Question on evaluating $\int_{C}\frac{e^{iz}}{z(z-\pi)}dz$ without the residue theorem

Question

I am trying to figure out how to evaluate the integral $\int_{C}\frac{e^{iz}}{z(z-\pi)}dz$ where $C$ is any circle centered at the origin with radius greater than $\pi$. I can see that $\frac{e^{iz}}{z(z-\pi)}$ is analytic everywhere except where $z=0$ and $z=\pi$, both of which are in the region bounded by $C$. I can also see that by using the Taylor expansion of $e^{iz}$ that $$\int_{C}\frac{e^{iz}}{z(z-\pi)}dz = \sum_{n=0}^{\infty}\frac{i^{n}}{n!}\int_{C}\frac{z^{n-1}}{z-\pi}dz$$

I'm supposed to apply Cauchy's Theorem or Cauchy's Integral Theorem to evaluate the integral along this curve but I am not sure how to do so.
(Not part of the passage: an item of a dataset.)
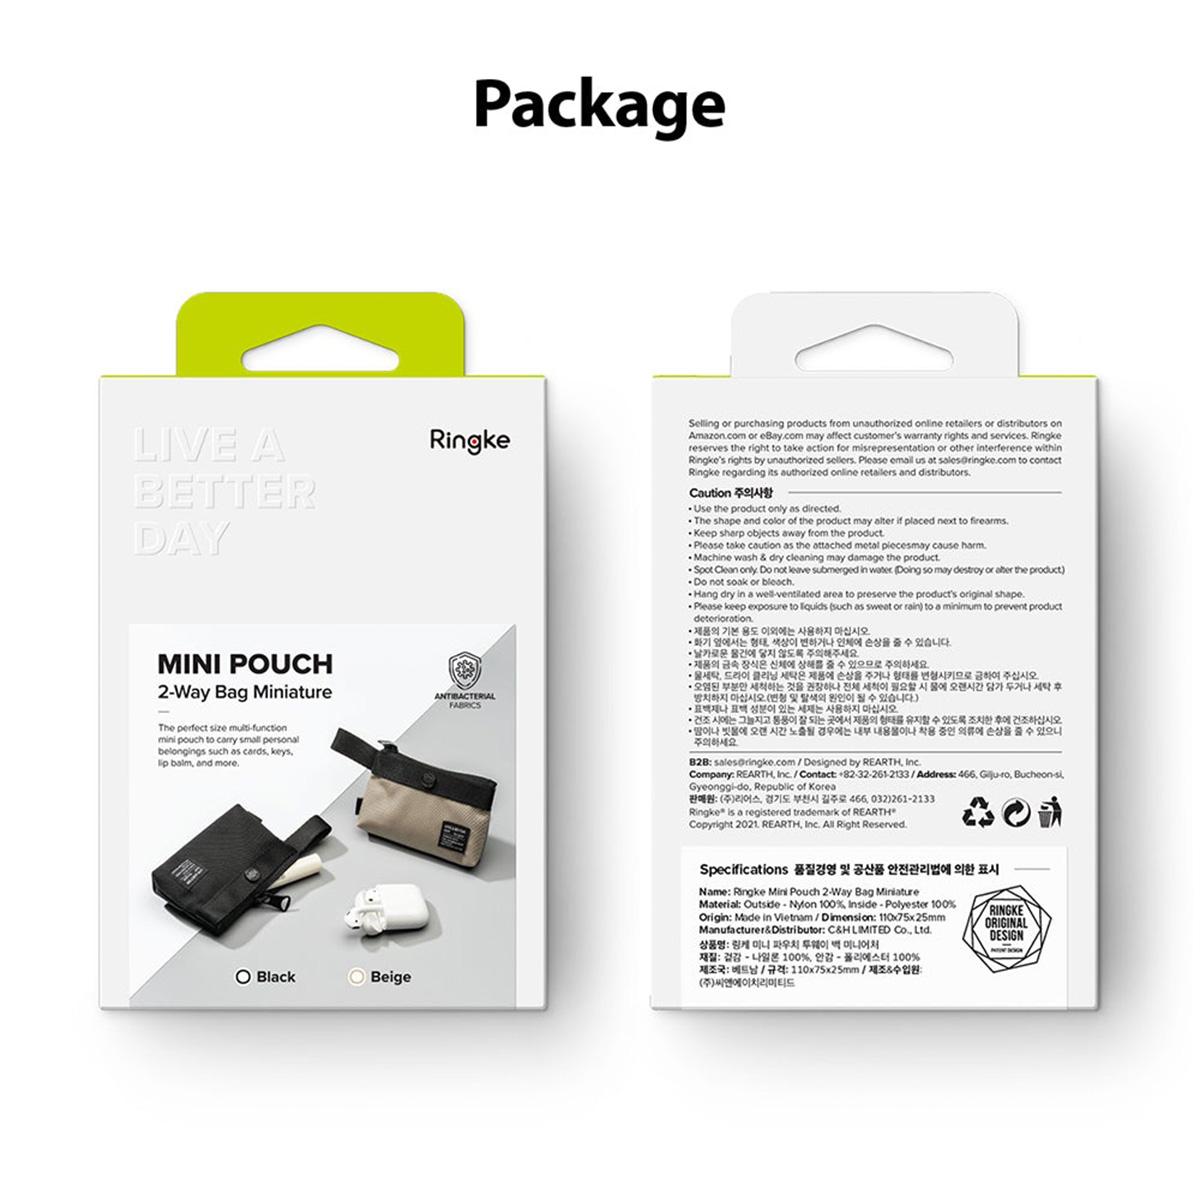 Ringke Mini Pouch - 11 x 7.5 x 2.5 cm ( Two Way Bag Miniature)

I do not yet have the residue theorem in my tool box.

Answer 1

Using partial fraction expansion we have, for every $R>\pi$,

$$\oint_{|z|=R} \frac{e^{iz}}{z(z-\pi)}\,dz=\frac1\pi\oint_{|z|=R} \frac{e^{iz}}{z}\,dz-\frac1\pi\oint_{|z|=R}\frac{e^{iz}}{z-\pi}\,dz$$

Now finish by using Cauchy's Integral Formula (or the residue theorem).

Answer 2

By symmetry the residues of $\frac{e^{iz}}{z(z-\pi)}$ at $z=0$ and $z=\pi$ are the same and they equal $-\frac{1}{\pi}$.
It follows that for any $R>\pi$ we have $$ \oint_{\|z\|=R}\frac{e^{iz}}{z(z-\pi)}\,dz = 2\pi i\cdot\left(-\frac{2}{\pi}\right) = -4i.$$